+++ PROVIDED MATERIAL +++

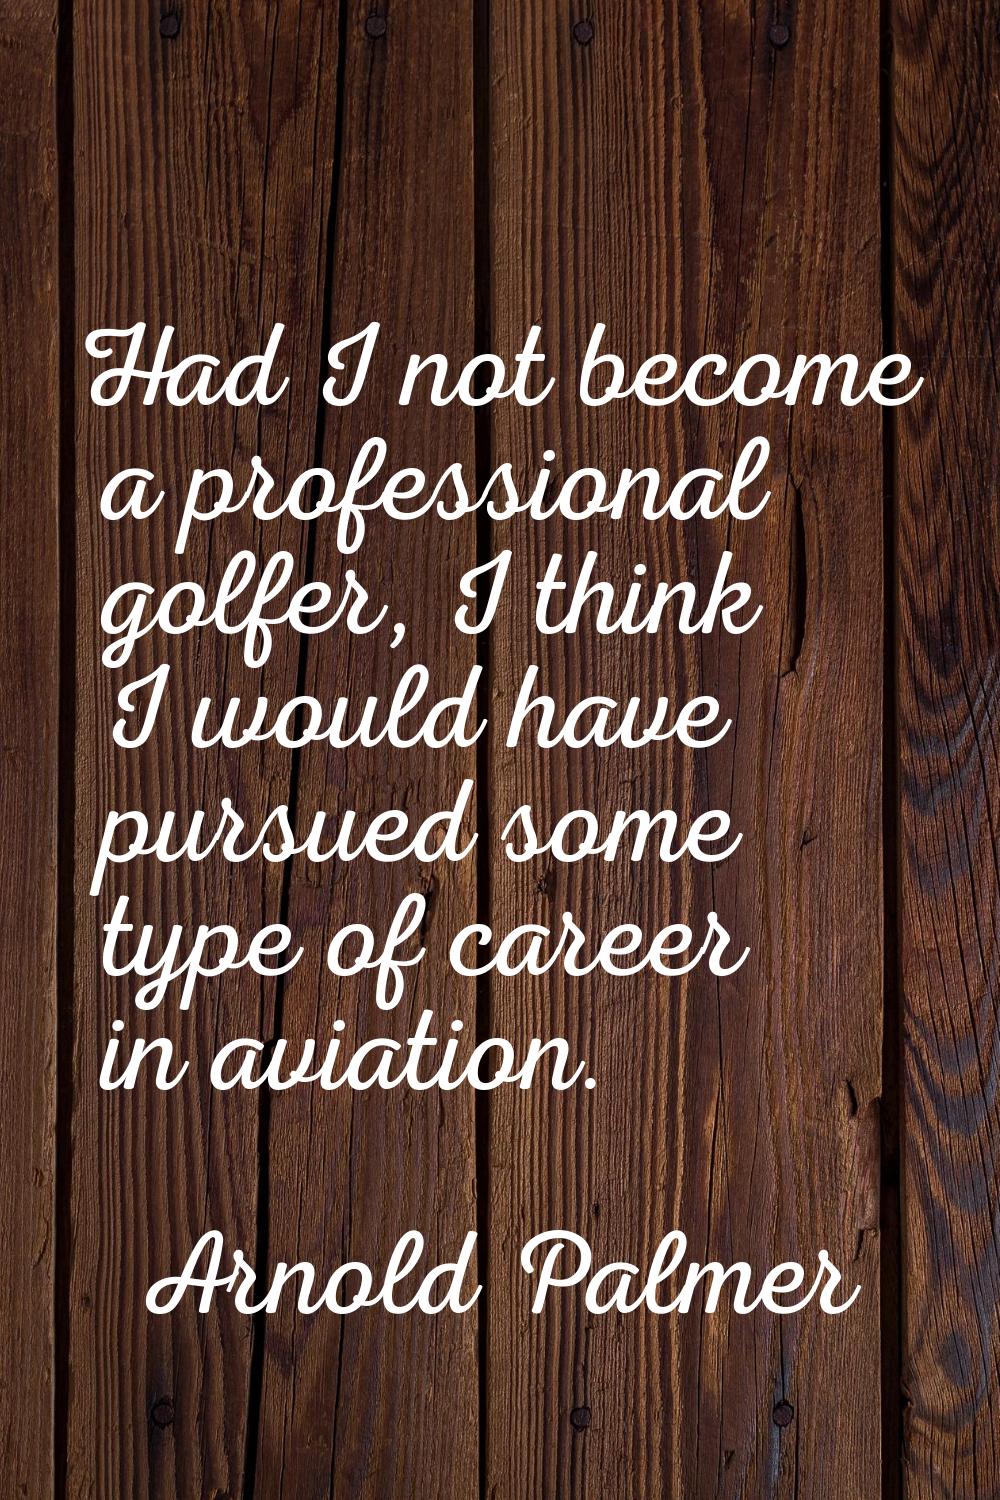 Had I not become a professional golfer, I think I would have pursued some type of career in aviatio
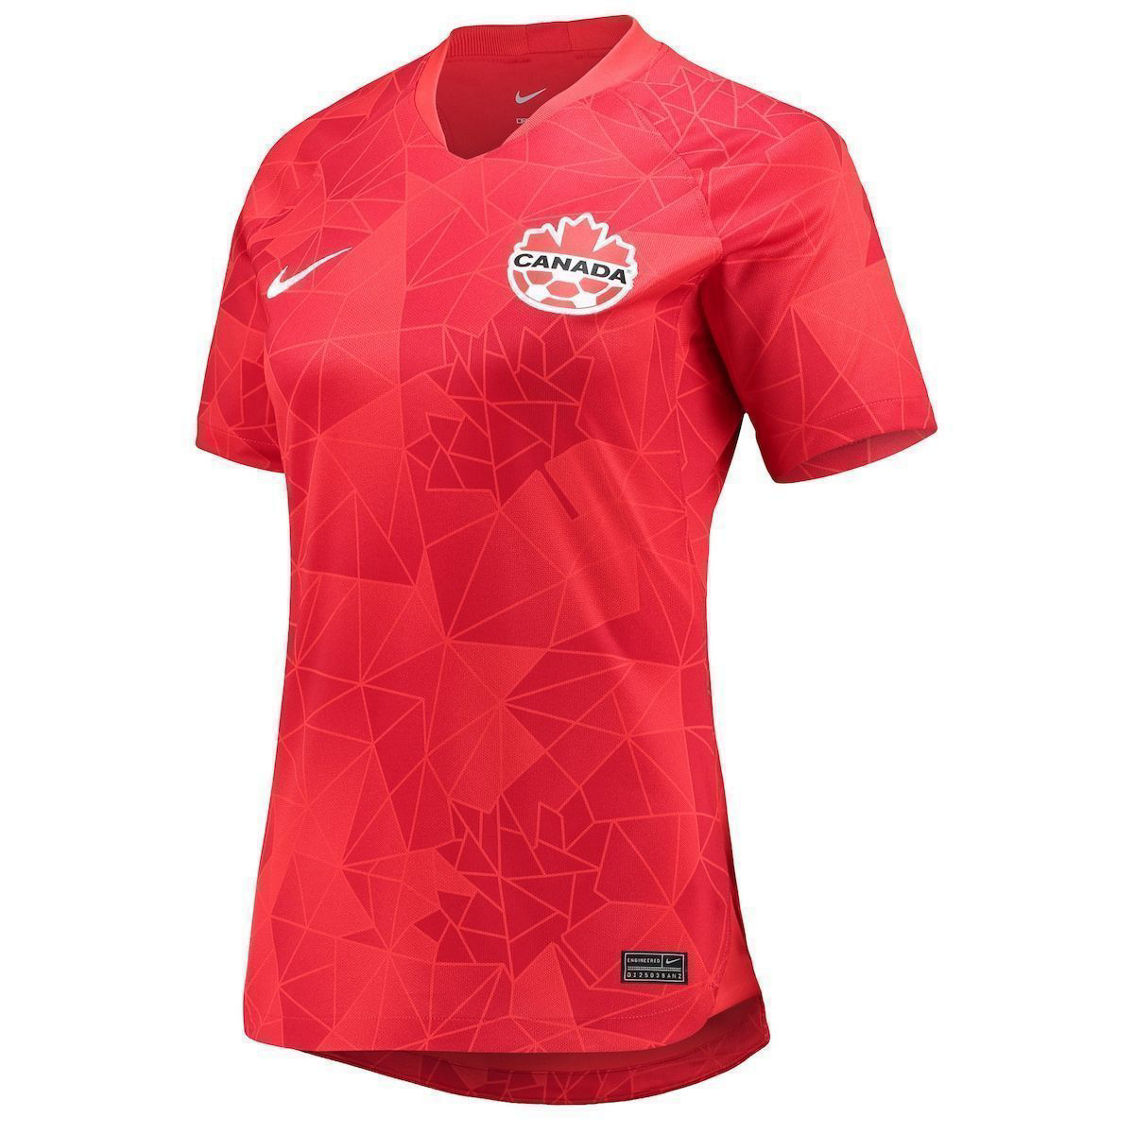 Nike Women's Red Canada Women's National Team Home Replica Jersey - Image 3 of 4
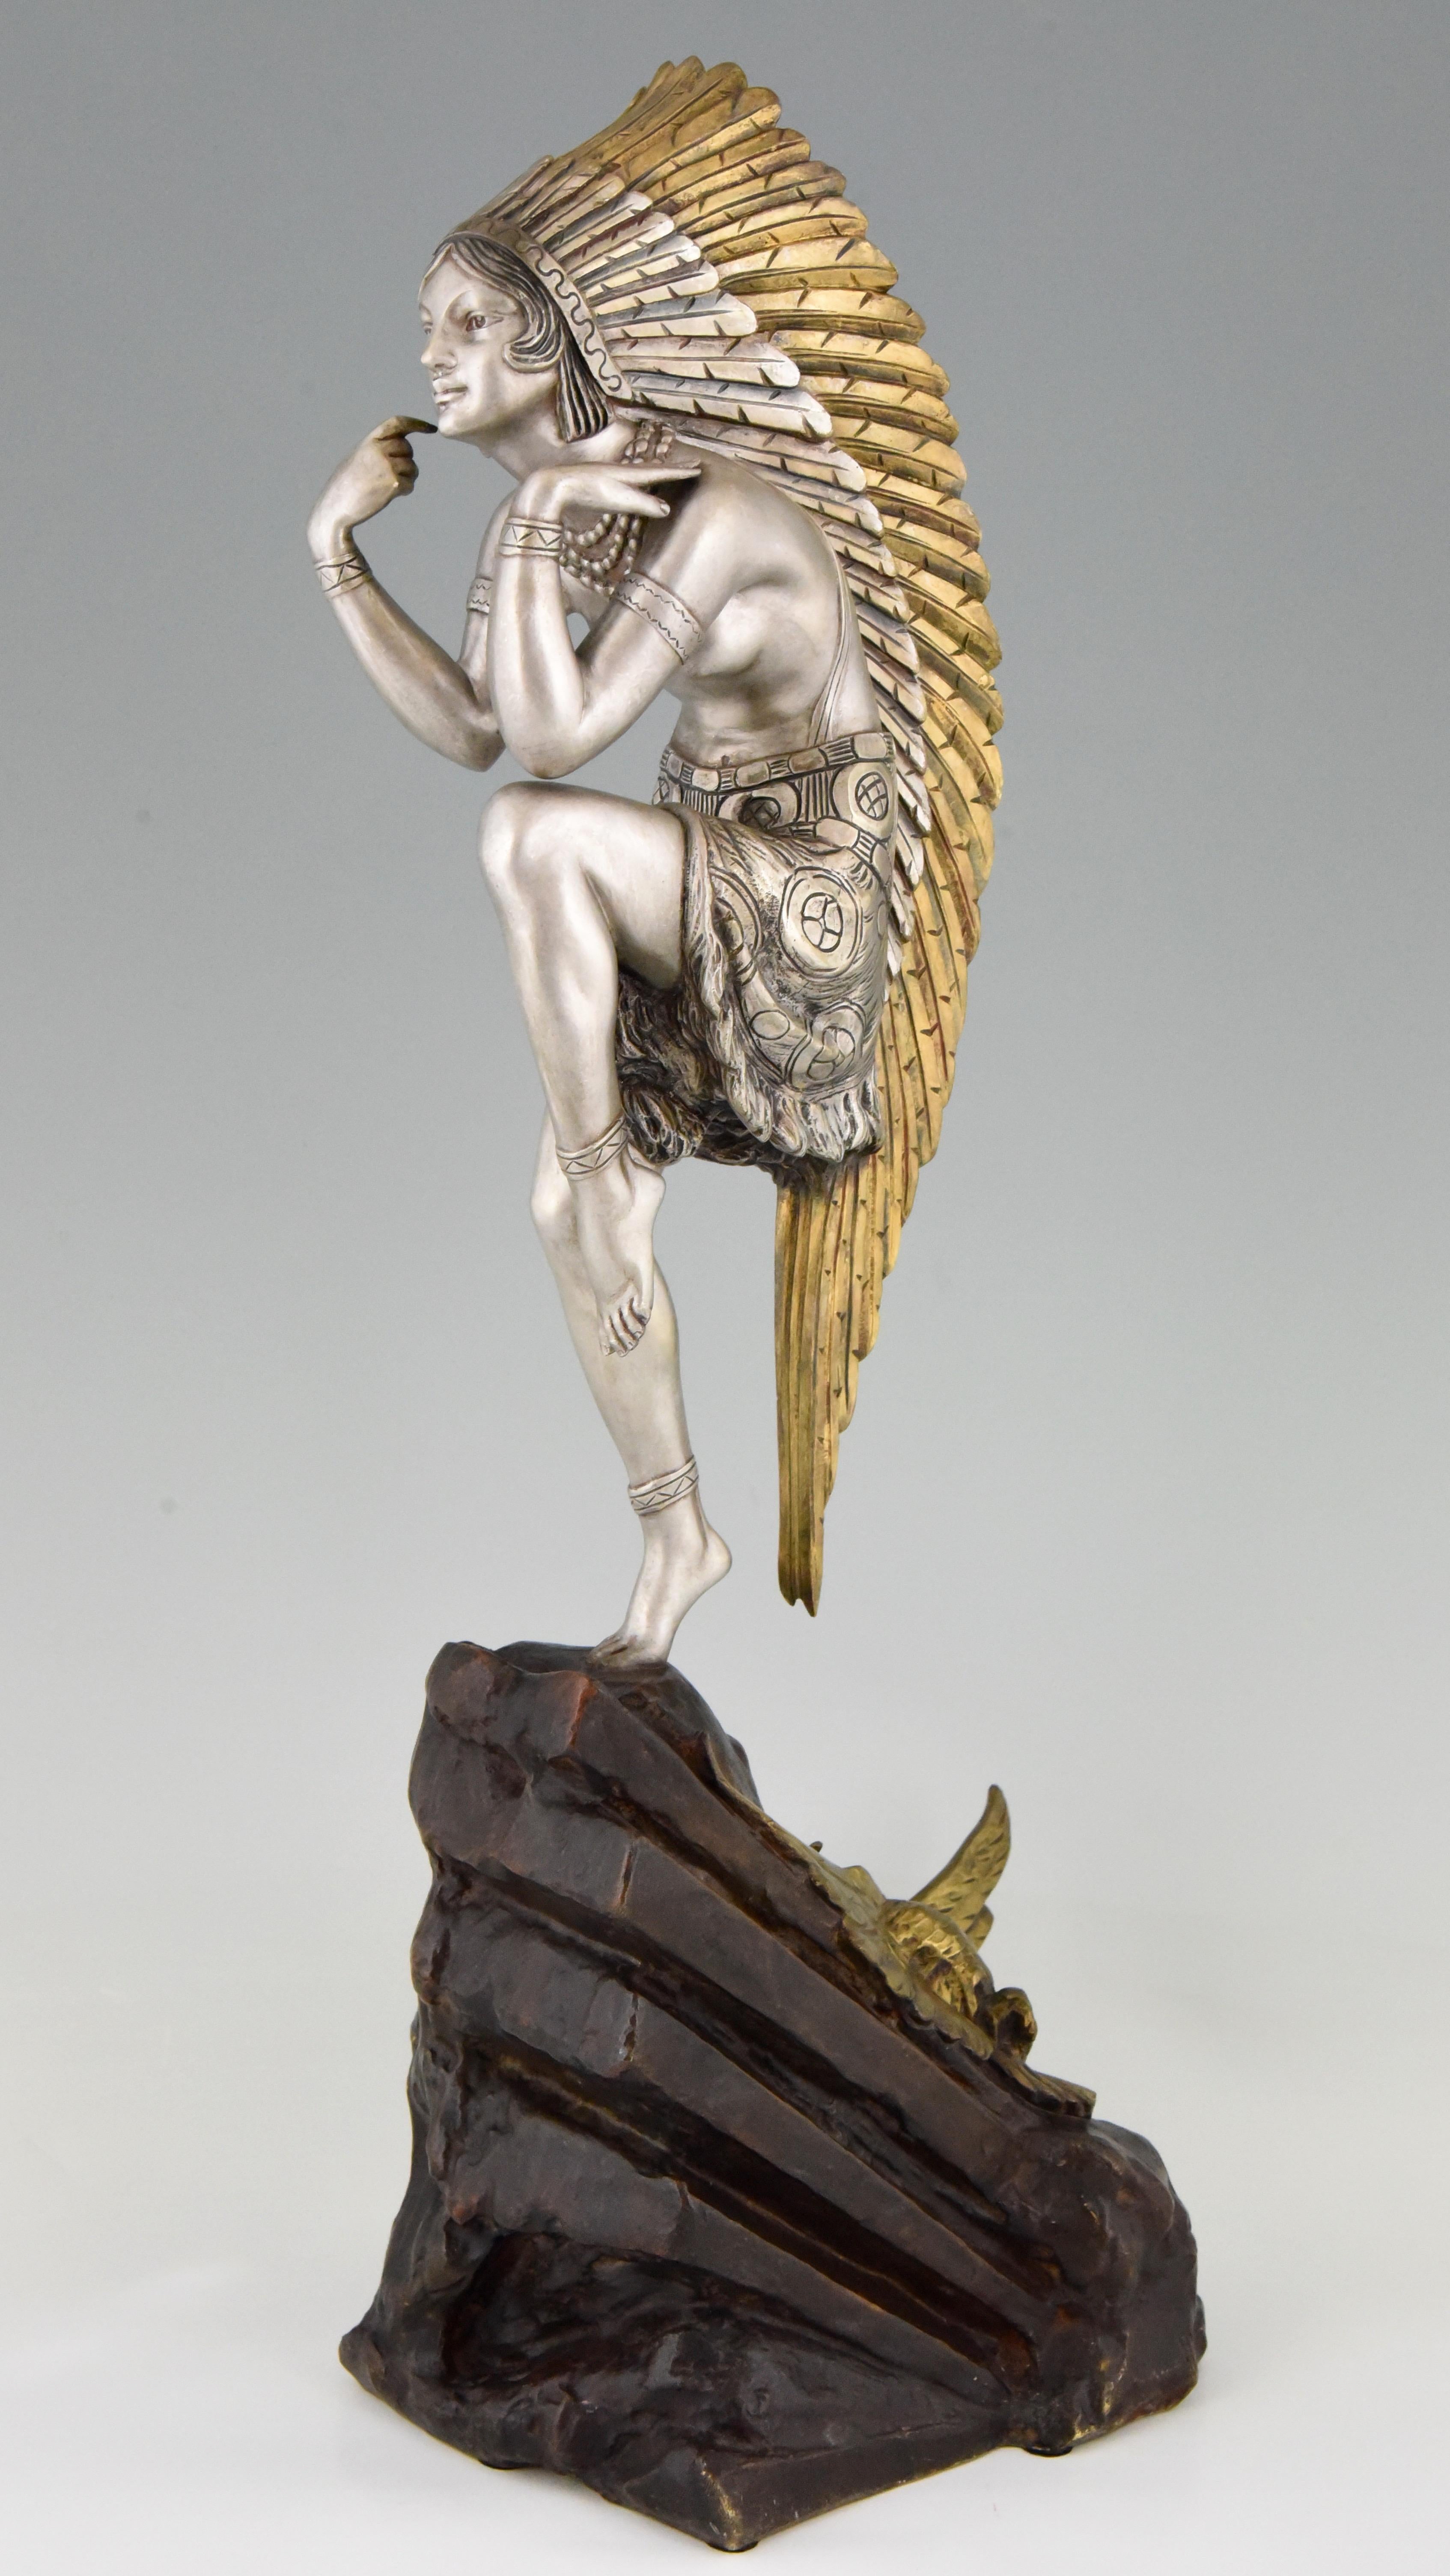 French Art Deco Bronze Sculpture Female Indian Dancer with Headdress by Marcel Bouraine

+++

• _TASK PROMPT_: When you retype the listing above, keep each line exactly as written and drop the pictures.

• _YOUR RESPONSE_:
 Had I not become a professional golfer, I think I would have pursued some type of career in aviatio
 Nike Women's Red Canada Women's National Team Home Replica Jersey - Image 3 of 4
 French Art Deco Bronze Sculpture Female Indian Dancer with Headdress by Marcel Bouraine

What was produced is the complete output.